_Information provided_
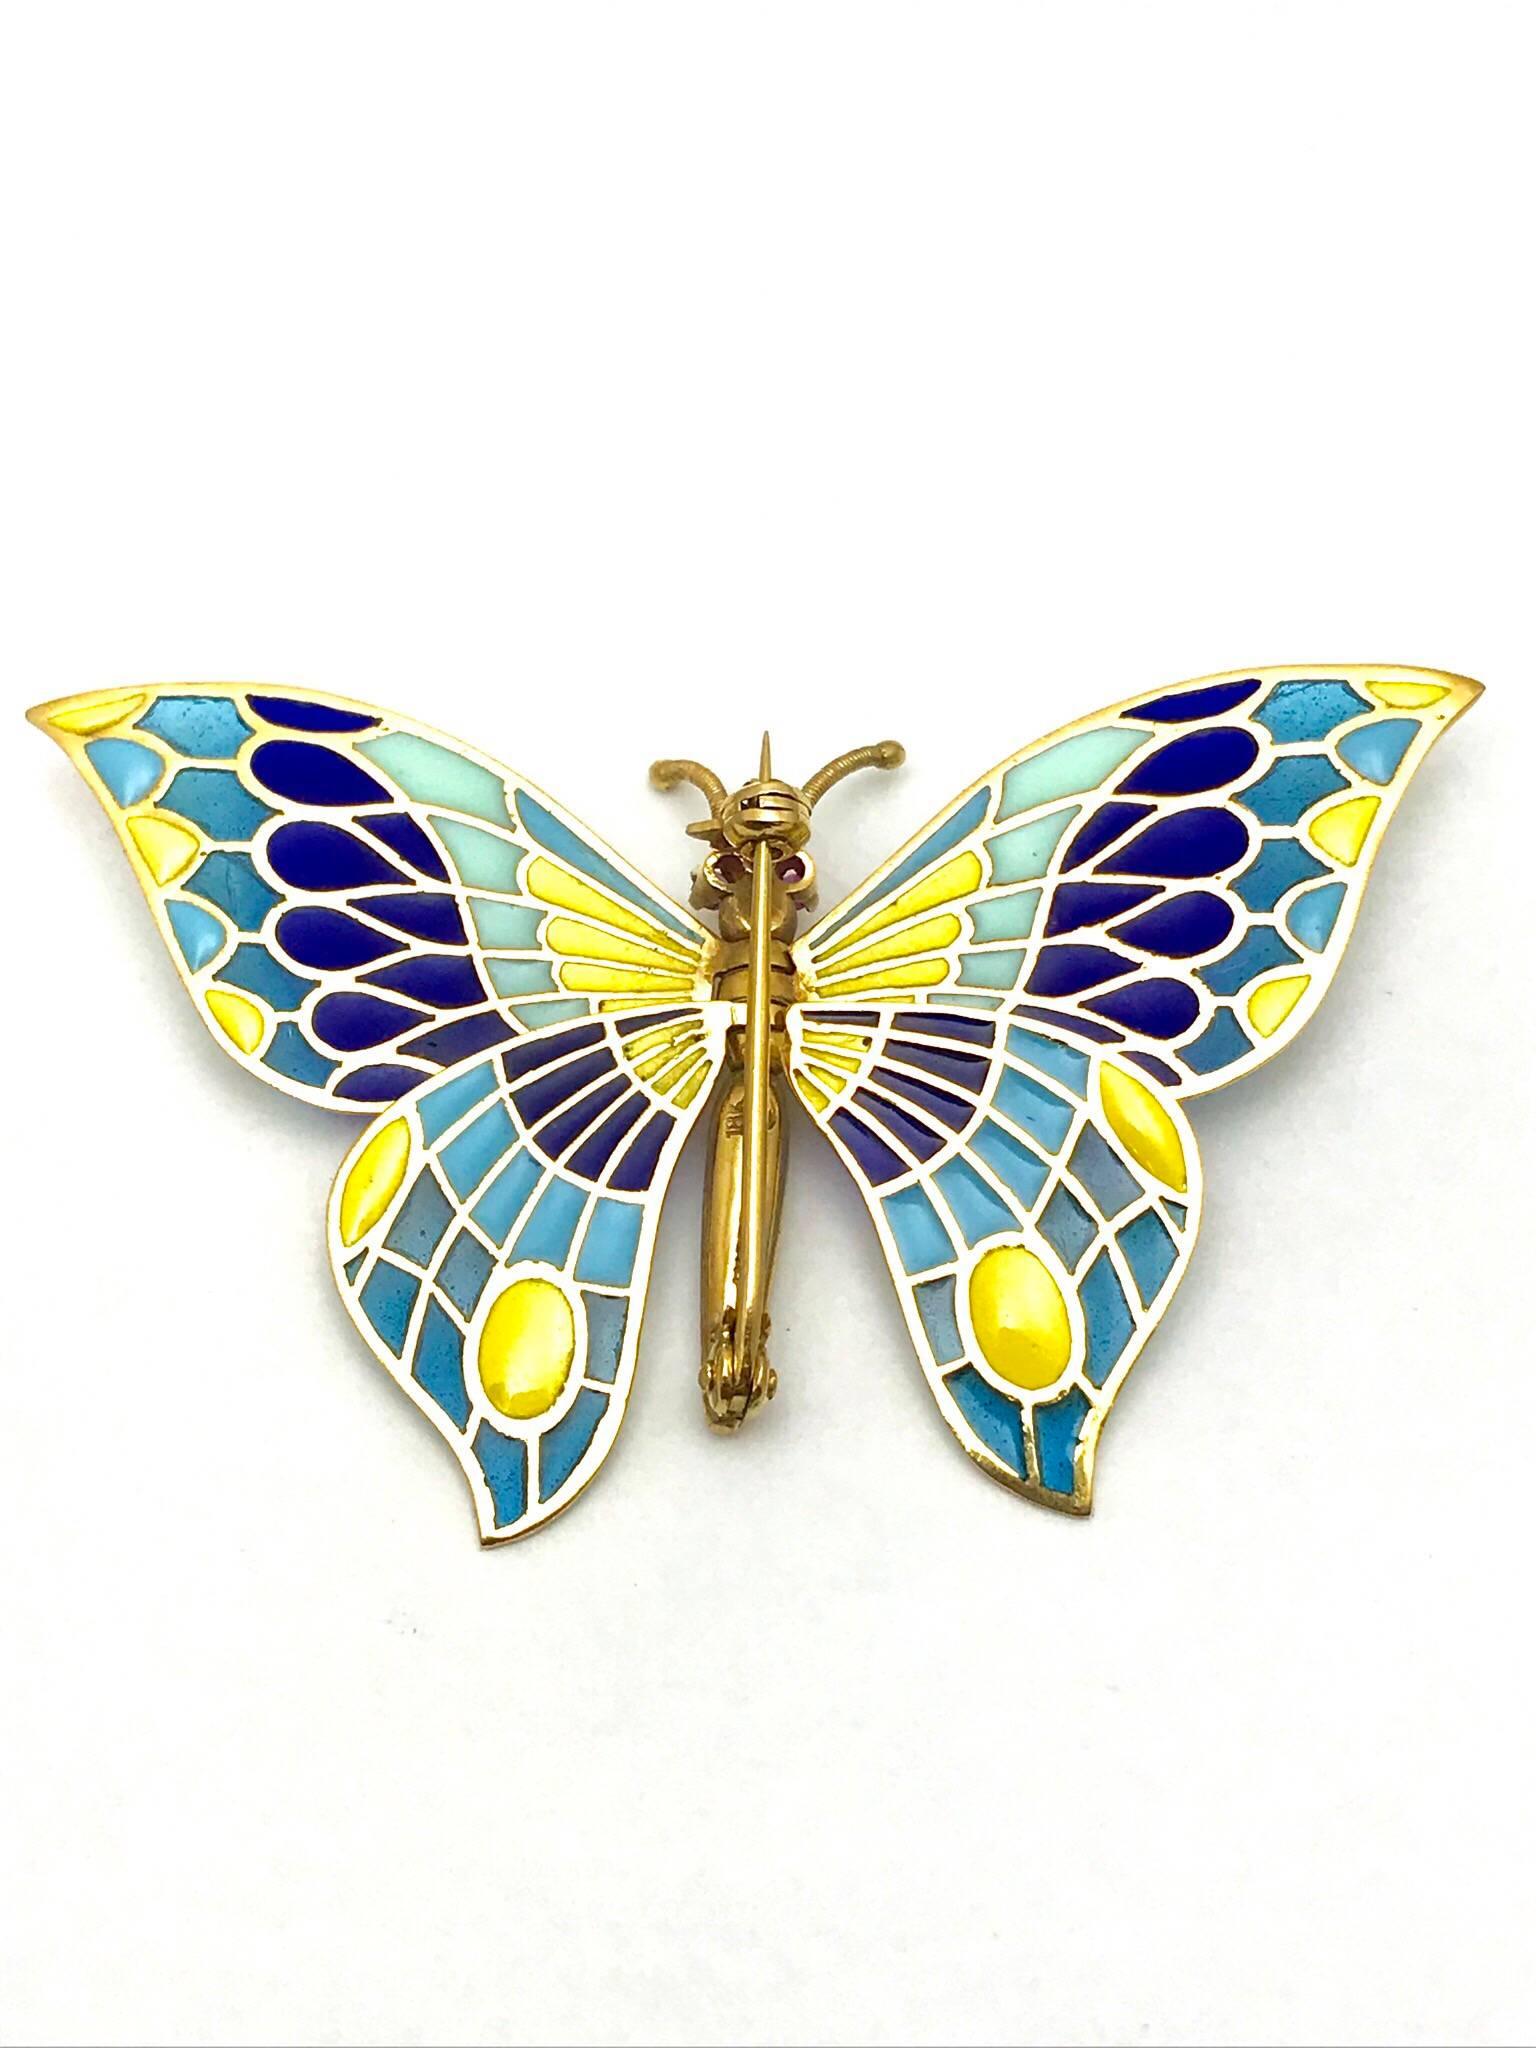 A plique a jour enamel and ruby eye 18 karat yellow gold butterfly brooch with articulating wings.  The butterfly features a textured gold body, with wings of  light blue, dark blue, and yellow colors.  The wings are able to fold all the way up, and
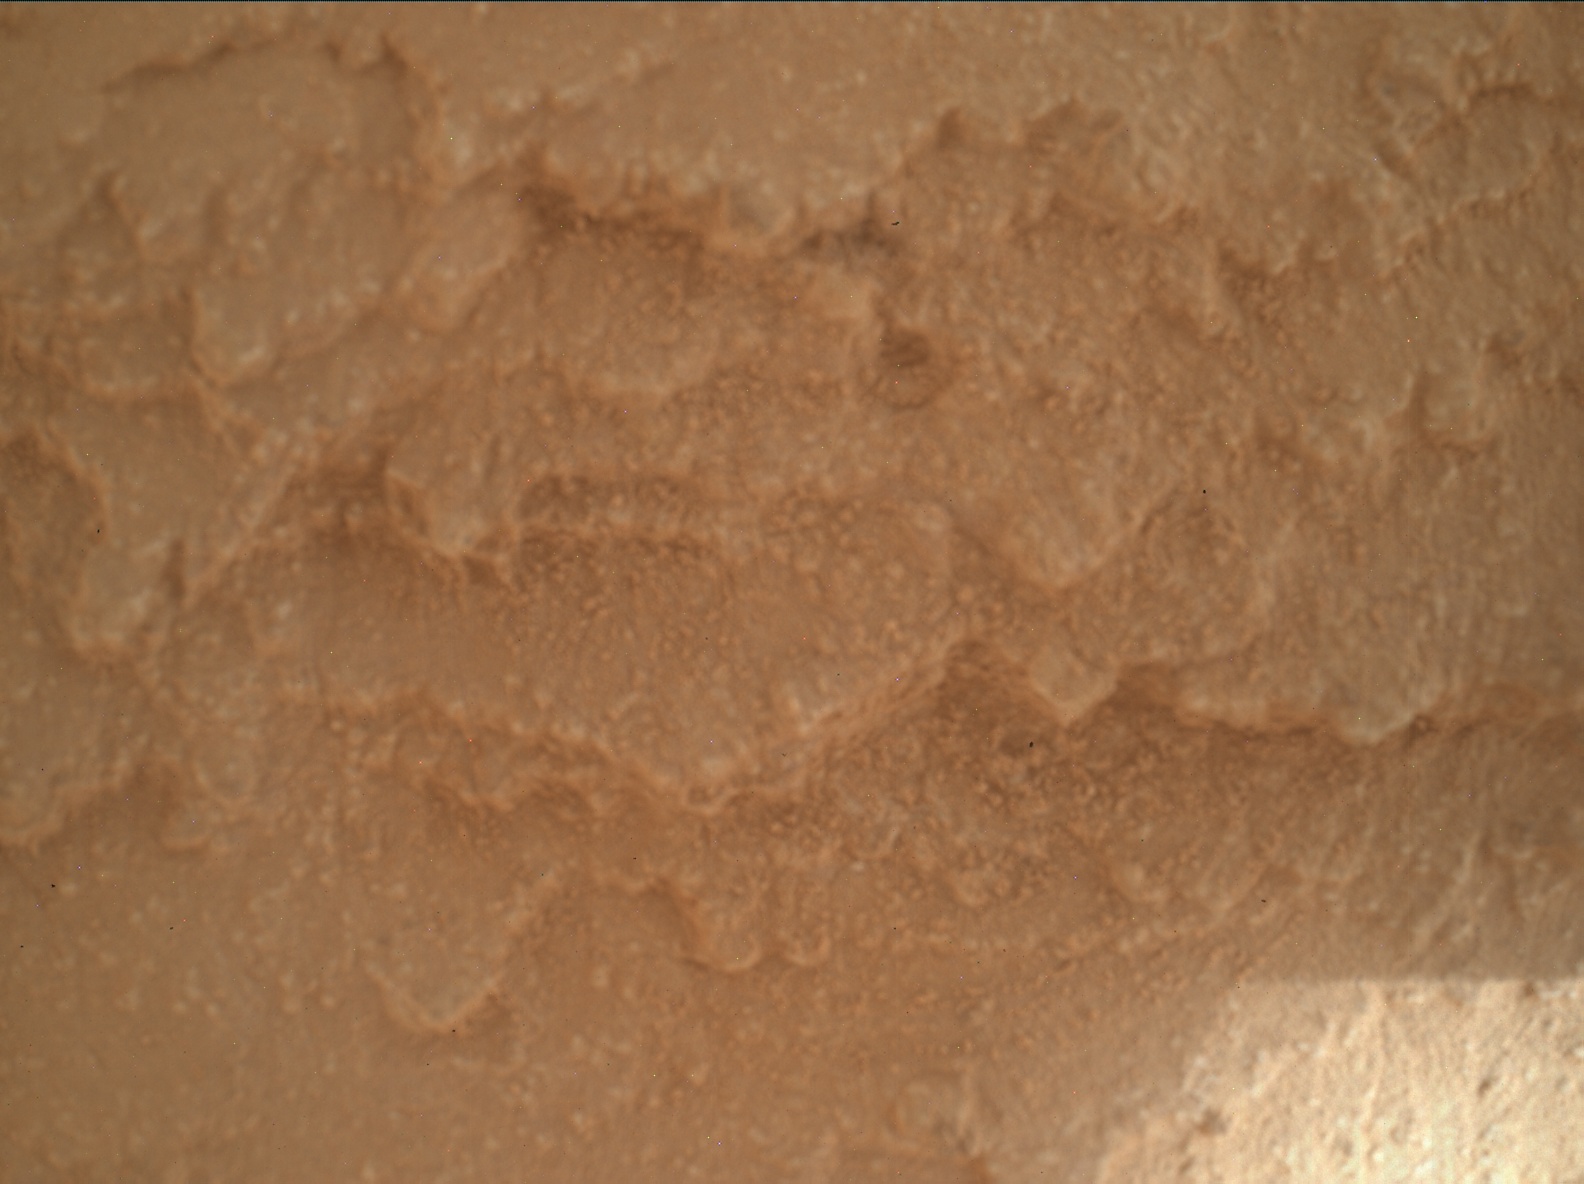 Nasa's Mars rover Curiosity acquired this image using its Mars Hand Lens Imager (MAHLI) on Sol 3837
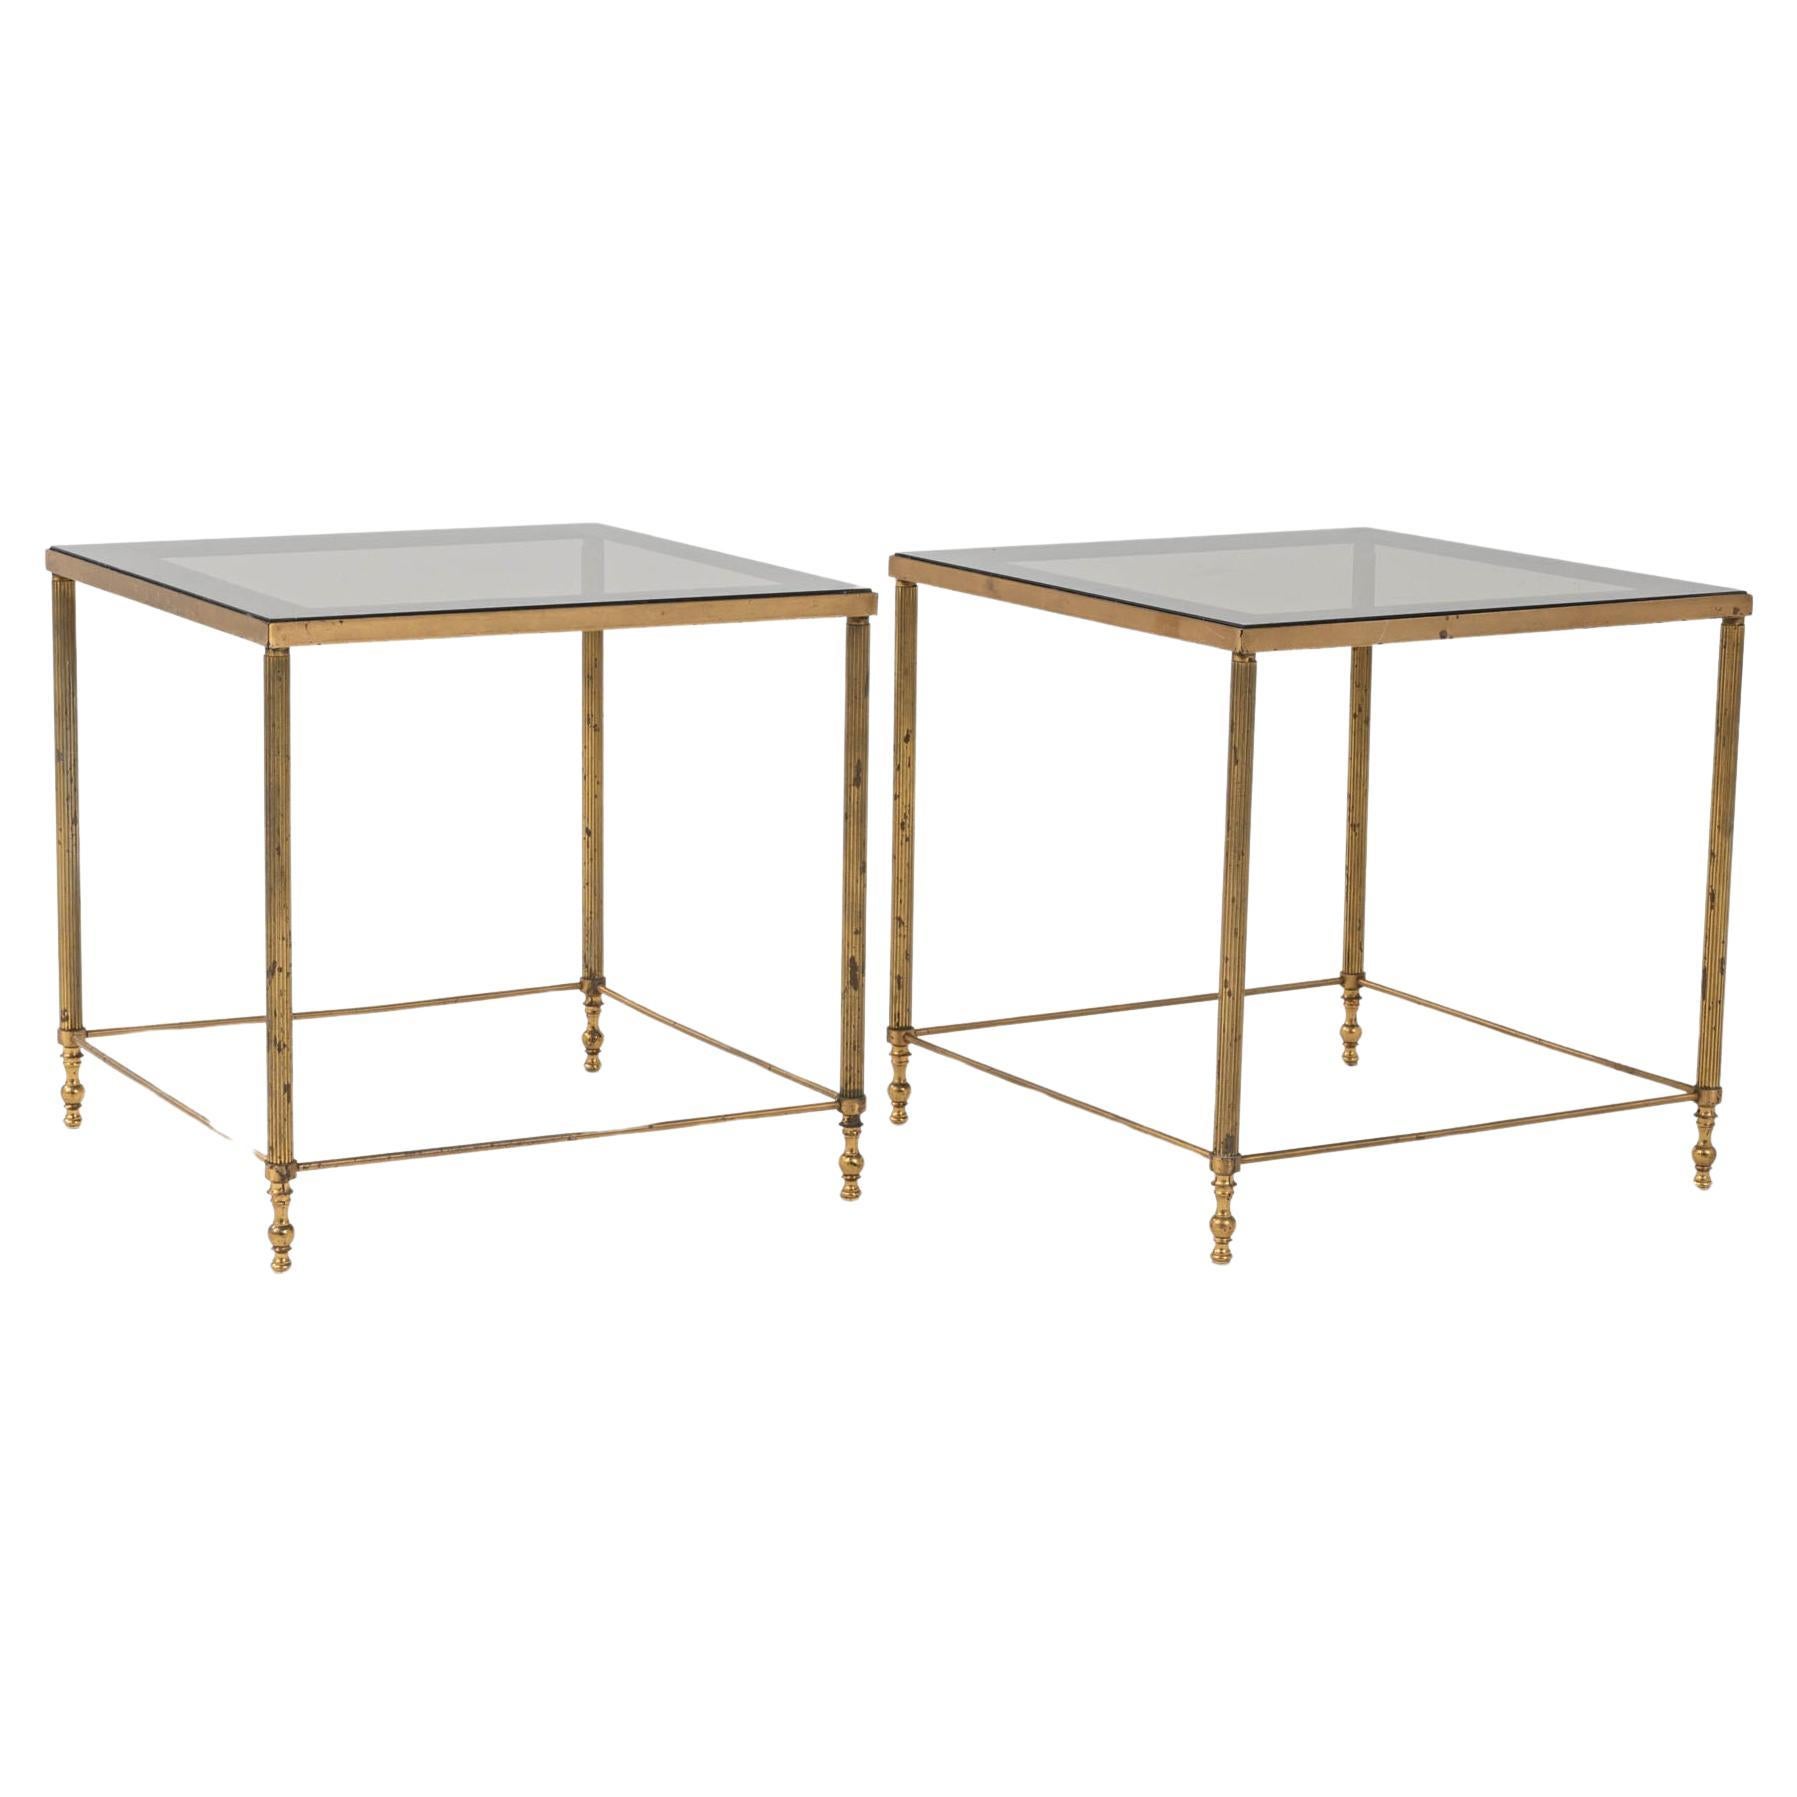 20th Century French Pair Of Brass Coffee Tables With Glass Tops By Maison Jansen

_Assigned task_
Before handing back the copy, remove the pictures; otherwise print the data exactly.

_Answer space_
 A plique a jour enamel and ruby eye 18 karat yellow gold butterfly brooch with articulating wings.  The butterfly features a textured gold body, with wings of  light blue, dark blue, and yellow colors.  The wings are able to fold all the way up, and
 Nasa's Mars rover Curiosity acquired this image using its Mars Hand Lens Imager (MAHLI) on Sol 3837
 20th Century French Pair Of Brass Coffee Tables With Glass Tops By Maison Jansen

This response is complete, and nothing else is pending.